Google DeepMind released Gemma 4 on April 2 under the Apache 2.0 license, the first Gemma release under an OSI-approved open-source license and the most significant move in Google's open-weights strategy to date. Previous Gemma versions shipped under the "Gemma license," which imposed commercial-use restrictions that kept the models out of many production pipelines. Apache 2.0 removes those constraints. The family spans four sizes: E2B and E4B "effective" edge variants, a 26B Mixture-of-Experts, and a 31B dense model that sits at #3 on the open-model Arena leaderboard. All models are natively multimodal (video, image, OCR, chart understanding with variable-resolution input) and agentic (function-calling, structured JSON output, system-instruction support). The edge E2B and E4B variants additionally accept native audio input for speech recognition and understanding. Context windows are 128K on edge and up to 256K on the larger models, with native training across 140+ languages.

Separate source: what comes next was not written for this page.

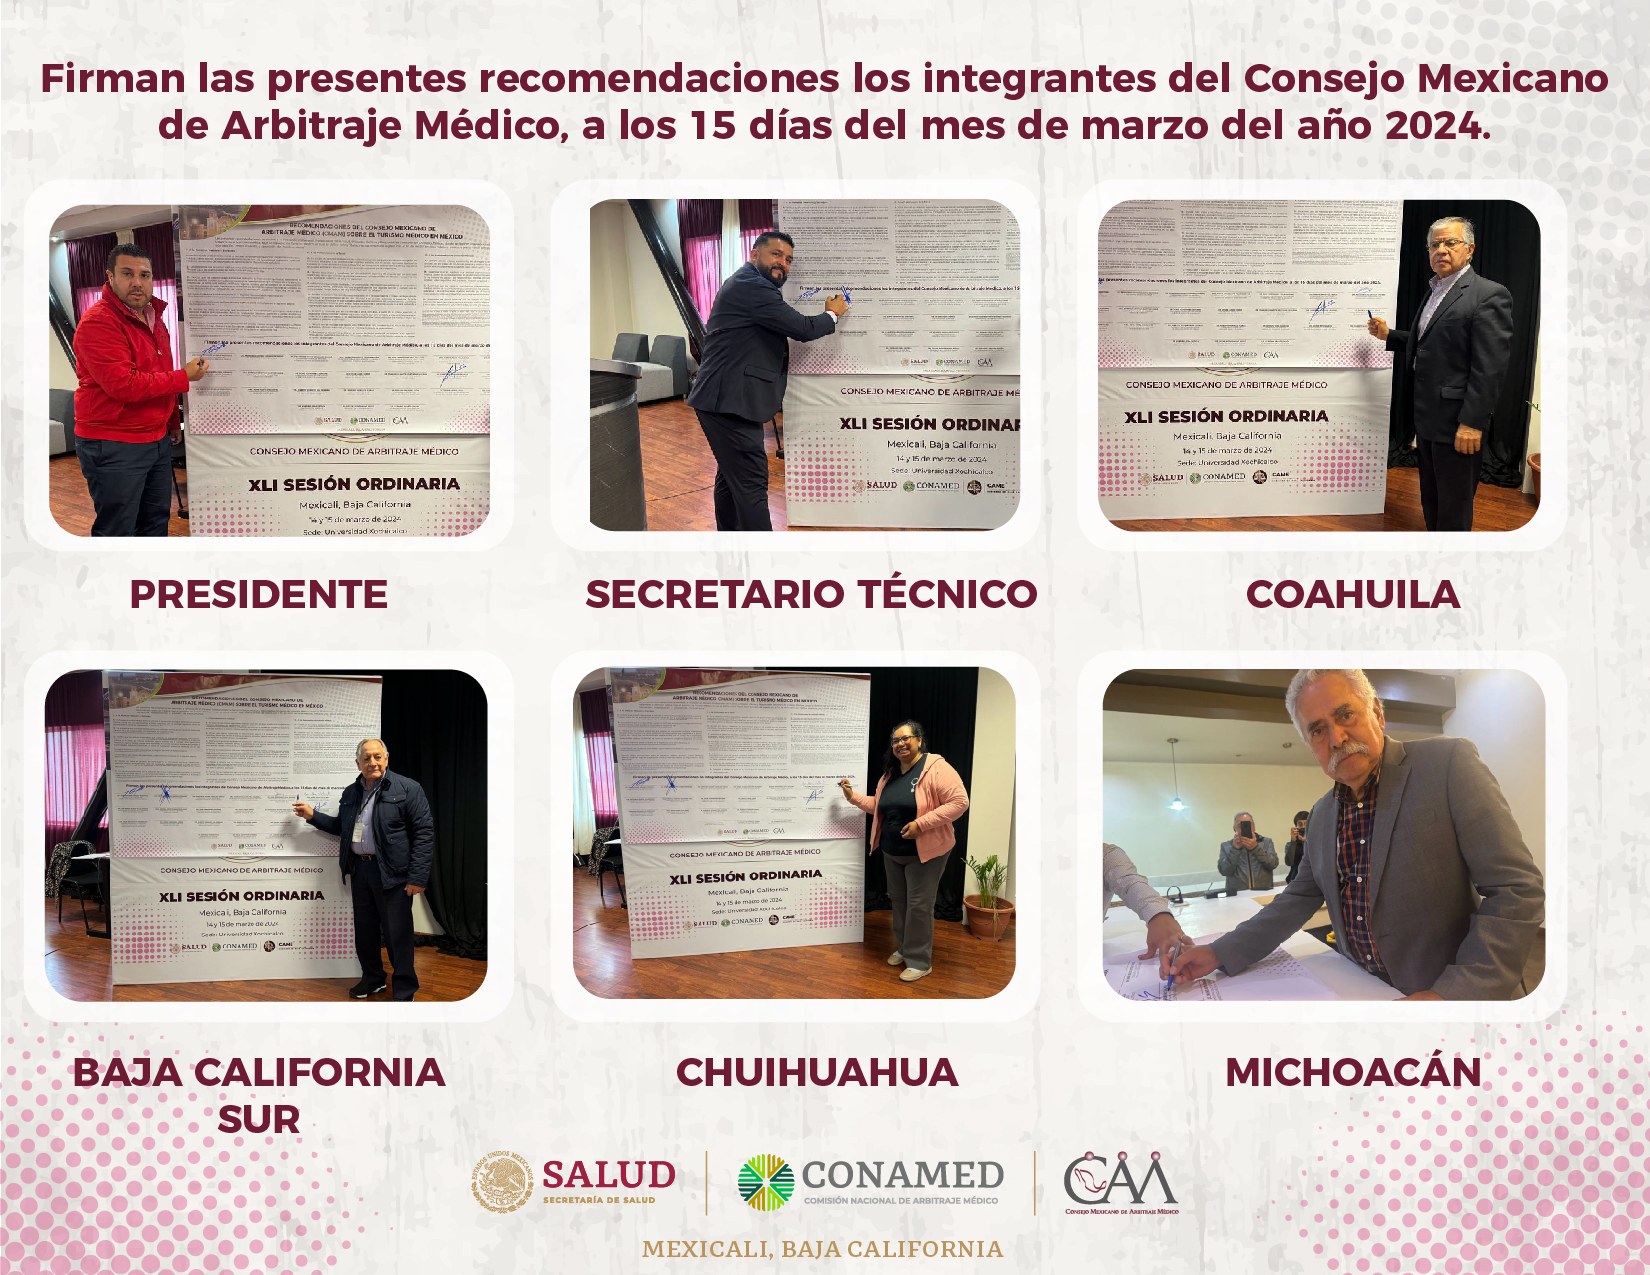 Firman las recomendaciones los integrantes del Consejo Mexicano de Arbitraje Médico.
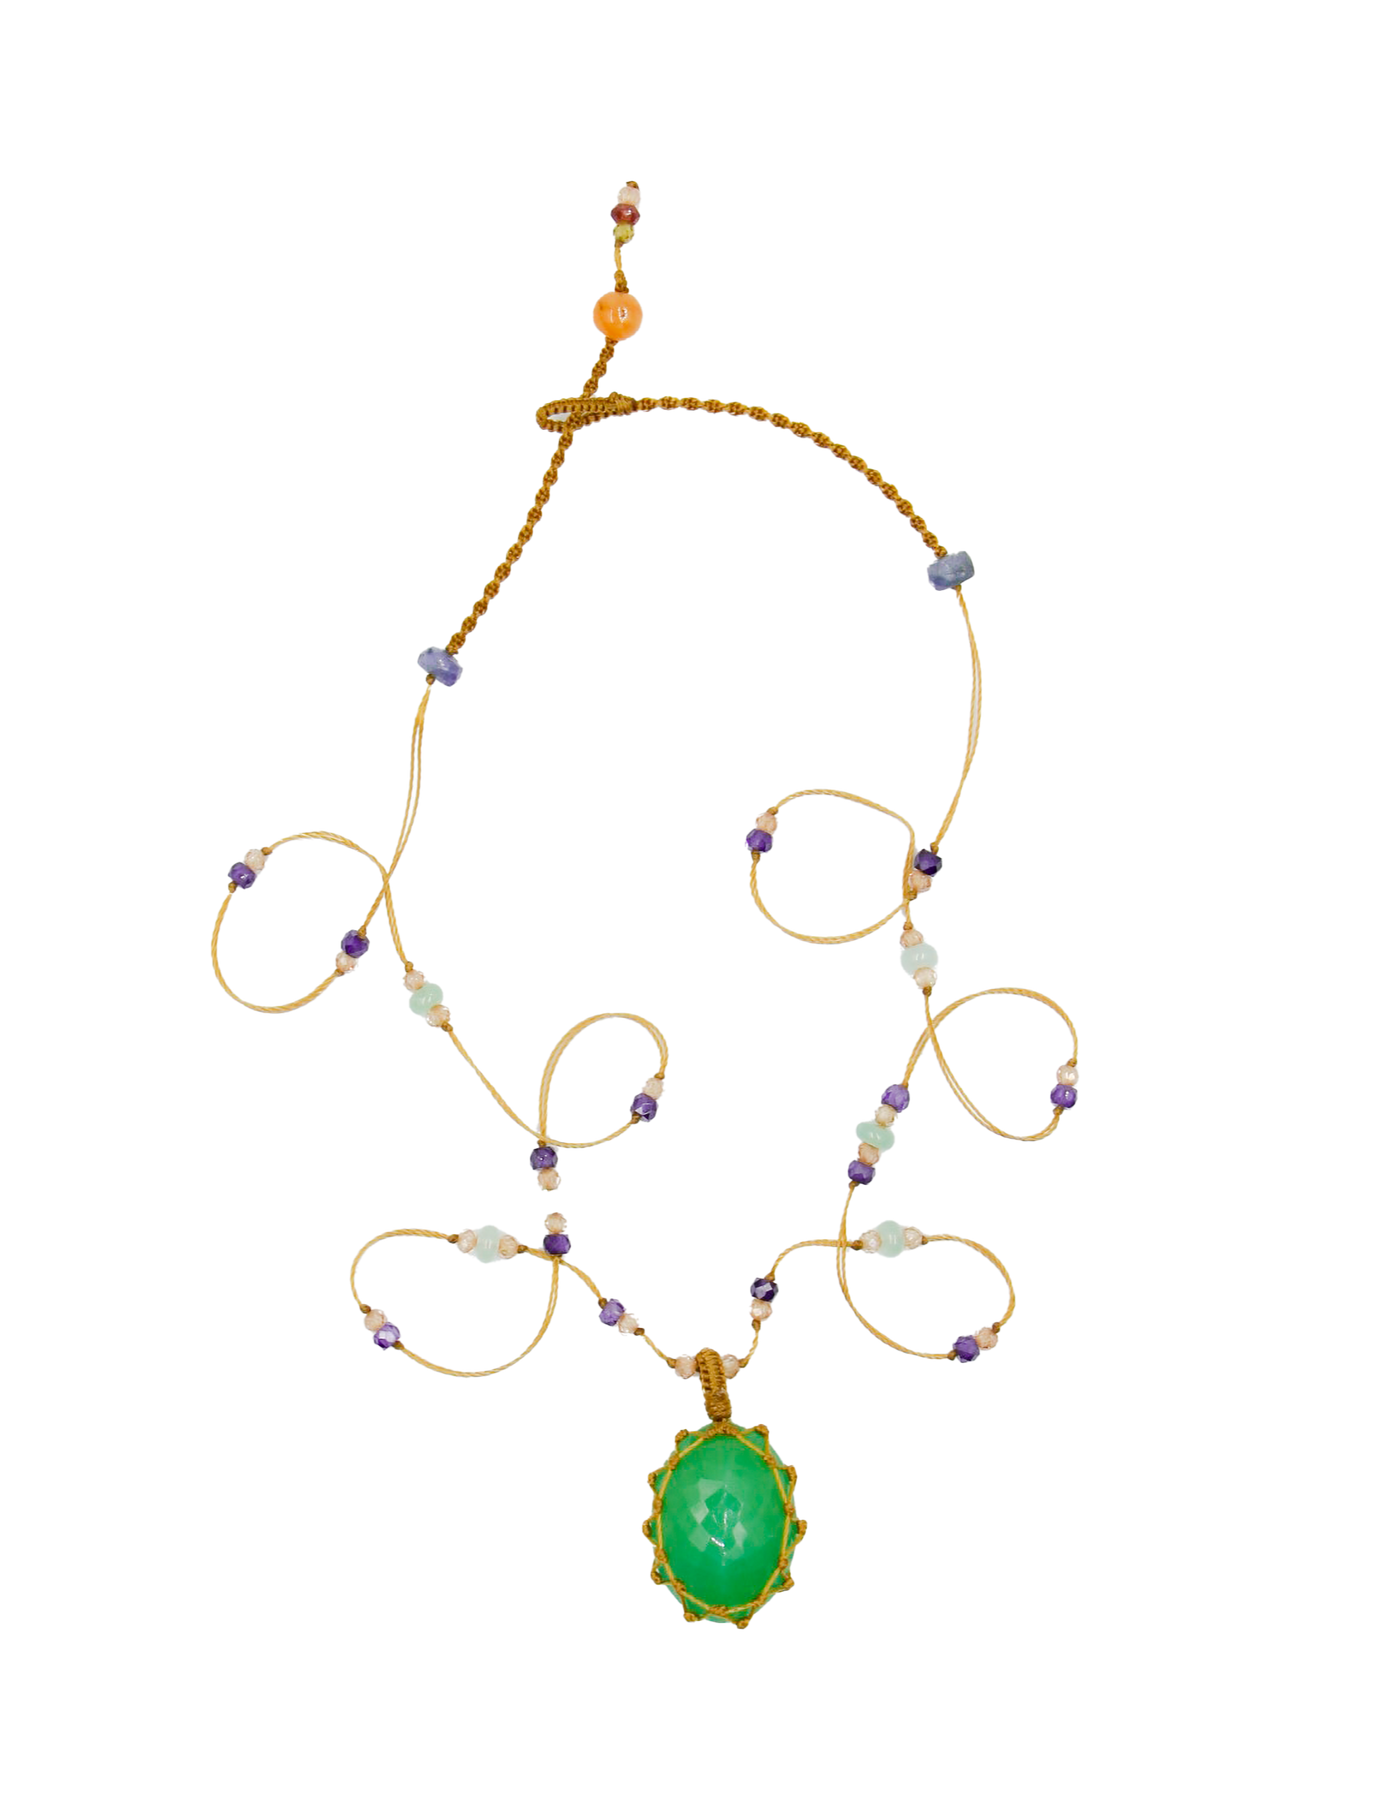 Tibetan Short Necklace - Chrysoprase - Emerald Mix - Beige Thread

The licensing change matters as much as the technical specs. Teams that wanted to build on Gemma 3 and discovered the commercial clauses in the old license, often late in the project, had to choose between rewriting against Llama, Mistral, or Qwen weights, or accepting the restrictions and explaining them to customers. Apache 2.0 is commercially permissive, patent-friendly, and compatible with the vast majority of corporate legal stances. It is what enterprise buyers actually want when they say they want open weights. On capabilities, the 31B dense model's #3 Arena open-model ranking is real, and the 26B MoE at #6 is strong on cost-per-inference. The E2B and E4B edge models are the more novel story. Edge-friendly multimodal with native audio input in a 2-to-4B-effective footprint is the first genuine on-device alternative to the proprietary edge models from Apple and Qualcomm, and context windows of 128K are large enough for real document-processing workloads rather than toy demos. Agentic-native design choices, with function calling and structured JSON as first-class outputs and system instructions supported at the protocol level, also reduce the custom scaffolding that teams have been writing for two years.
The open-weights landscape for April 2026 now looks coherent rather than fragmented. Llama's commercial-use caveats still exist, Mistral's licensing terms vary by model, Qwen is Apache 2.0 but carries perception-of-origin risks for some buyers, DeepSeek is capable but has similar geopolitical considerations. Gemma 4 under Apache 2.0 from a Google-scale lab changes the procurement conversation for enterprises that want open weights without either regulatory exposure or commercial restrictions. The impact on the managed-API business is more interesting than most of the coverage has acknowledged. If you can run a 31B model at home-grade inference cost and get #3-on-Arena quality with native function calling, the economic case for always calling Anthropic's or OpenAI's API weakens for task classes that do not specifically need frontier reasoning. That does not threaten the top labs immediately, because model quality at the frontier is still the differentiator for complex work. It does compress the mid-tier API business, which is where most volume actually lives.
Three concrete moves for builders. First, evaluate Gemma 4 against whatever you are currently using for the mid-tier of your model routing; the Apache 2.0 license removes the old "we cannot ship this in production" blocker, and the capabilities may close the quality gap for bulk tasks. Second, the E2B and E4B edge variants are worth prototyping against for any workflow where on-device inference would change the product shape, specifically privacy-sensitive data, offline operation, and low-latency interaction. The audio-input support is specifically interesting for voice-first products. Third, the agentic-native design (function calling as first-class, structured JSON, system instructions) means less custom scaffolding for agent deployments. Teams that built their own tool-calling shims for Gemma 3 can delete code. The license change, not the benchmarks, is the detail that changes roadmap conversations with legal and procurement. If you previously argued for a proprietary API because open weights were "not commercially clean," that argument just got weaker.